I have to say I resisted writing this post.  I have a visceral distaste for academic discursive hermeneutics performed from afar–this is partly why I’m an ethnographer, after all– and, that’s even more the case when trying to write au courant journalistically

However, despite having absolutely no ethnographic expertise among British police and only a concerned collaborator’s familiarity with the issues on the ground there, I’m going to just get over it–tempered still, hopefully, by a degree of humility and a recognition of our responsibility to ignorance.  The reason I’ve made this decision is to emphasize an ethnographic fact that I think is important for this blog: so much of what makes police a salient issue in broader terms are in fact riots and, conversely, so many riots, uprisings and rebellions are in fact about police.

All that was a way of putting a large preliminary asterisk on certain observations I’ve made following the news coverage via my own personal extended network of interwebs (BBC, CNN, NPR, Jeff Martin’s twitter feed…).  I’ve noticed a narrative dynamic emerging that I find a bit frustrating: on the one hand, news coverage presents the familiar “these are criminals/hoodlums without a politics,” with all its logical absurdities (is criminality innate and apolitical? If so, if these are innate tendencies and not the result of social conditions, how has London and then other cities in the UK suddenly–within the last several days– sprouted so many of this type? What would be the litmus test for whether determining this is a political act, by the way?).

On the other hand, often in an effort to show “the other side” or to emphasize some diversity of opinion on the events, news coverage includes another narrative which risks being equally tired and absurd, the “this is an expression of political-economic disenfranchisement” argument (with it’s equally non-falsifiable claims–what, again, are the criteria for deciding that this is political, and when where these events put to that criteria? what factors and/or data were considered? what would apolitical events look like?

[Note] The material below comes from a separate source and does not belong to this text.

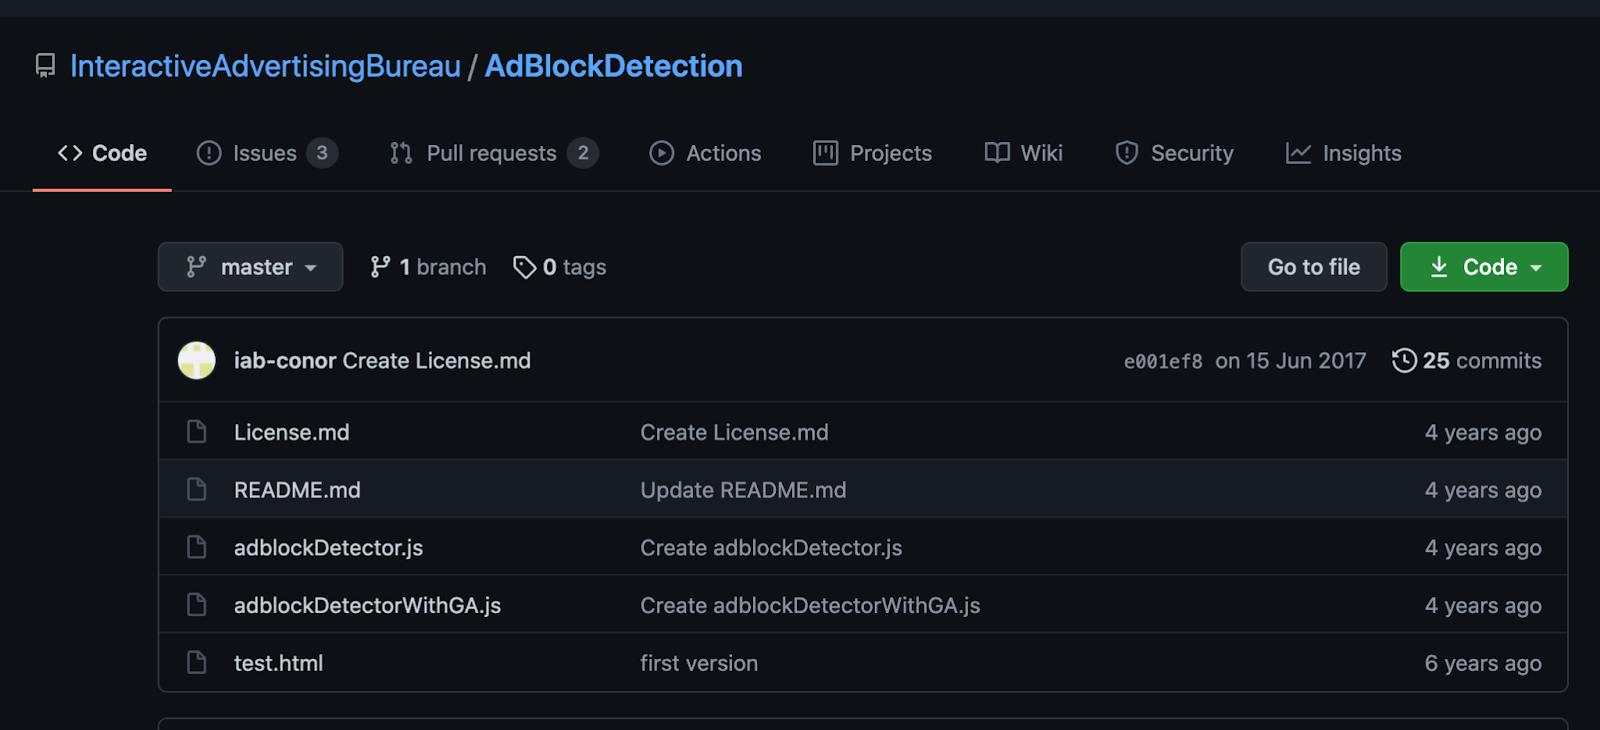 lnteractive Advertising Bureau AdBlock Detection GitHub page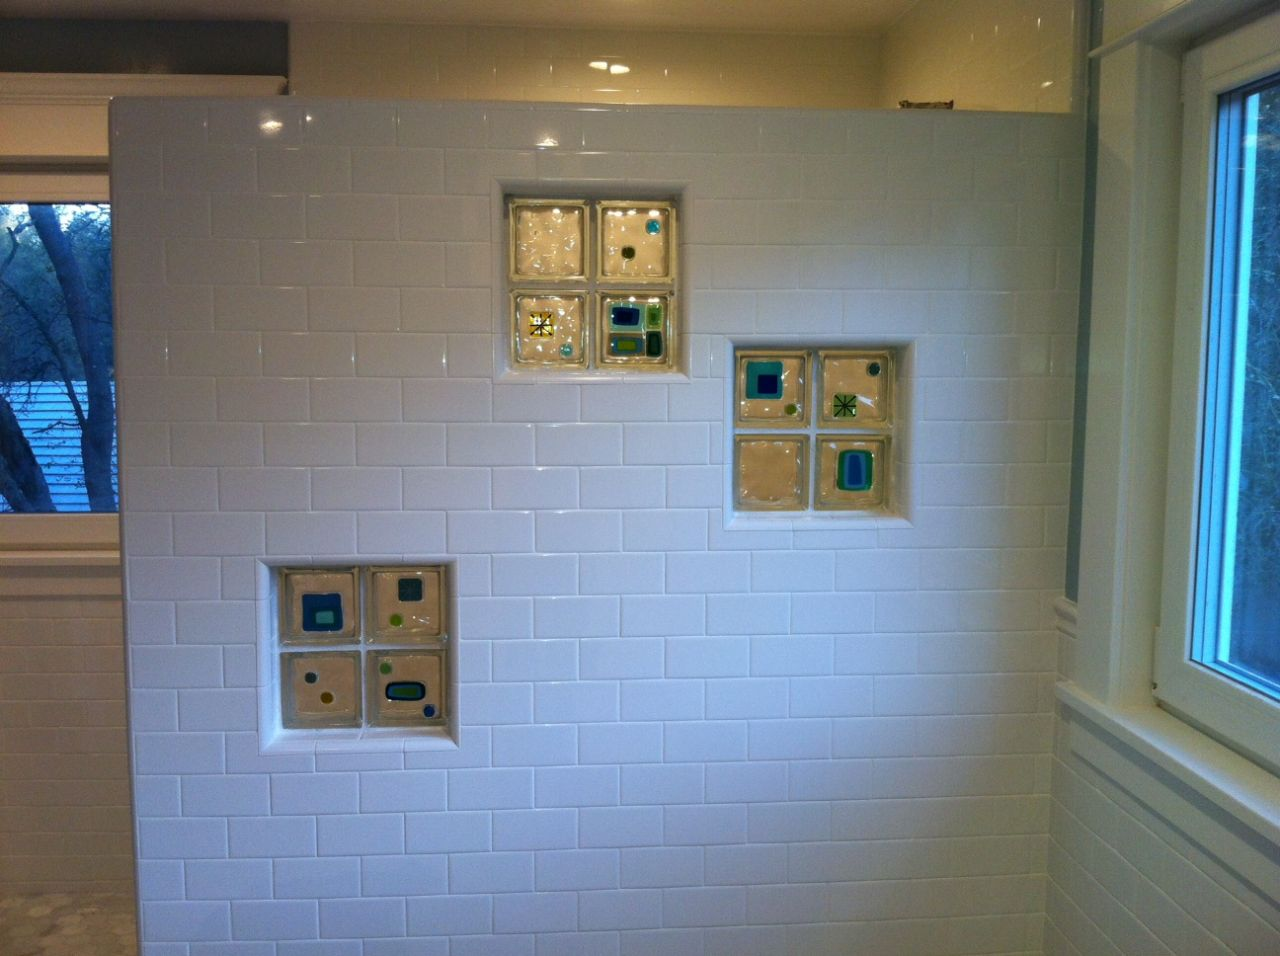 California bath remodel, pedestal tub, glass tile blocks, subway tile

If at least one of these criteria should be statements of such from the protesters themselves, it does not seem to meet the definition…)

Even within stories framed in such a manner, however, I’ve noticed an interesting set of dissonances; some contradictions that, if properly attended to, don’t quite fit the dominant framing:

  • Generational conflict.  The “this is political” camp insists that the events are the result of the UK’s disinvestiture in social programs while experiencing wideing gaps in real wealth, but within that analysis there’s a type of inter-generational awkwardness, especially between what I think of as the Stuart Hall generation, associated with the Tottenham riots of the early 1980’s, and the present generation of protesters.  What’s interesting is to watch the older leftists struggle with understanding and/or translating the events; I’m thinking of some of the interviews with the MP from Tottenham and others, such as Darcus Howe, who seem to be attempting to work out some space for understanding them within a framework of social dis-investiture in the absence of an actually articulated voice of such a grievance.  The terms, or even the very language, seems to have moved somehow in the last 30 years.
  • Policing is a social program.  On the other hand, the “these are hoodlums” camp–set up as critics of the protesters (and thus anti-anti-dis-investiture)–emphasizes the affected business people and residents, often pointing to their calls for more police presence and in fact outrage at the lack of protection.  The contradiction here, of course, is that policing is a social program financed through government.  If anything, this is the voice criticizing dis-investiture.  What to make of that?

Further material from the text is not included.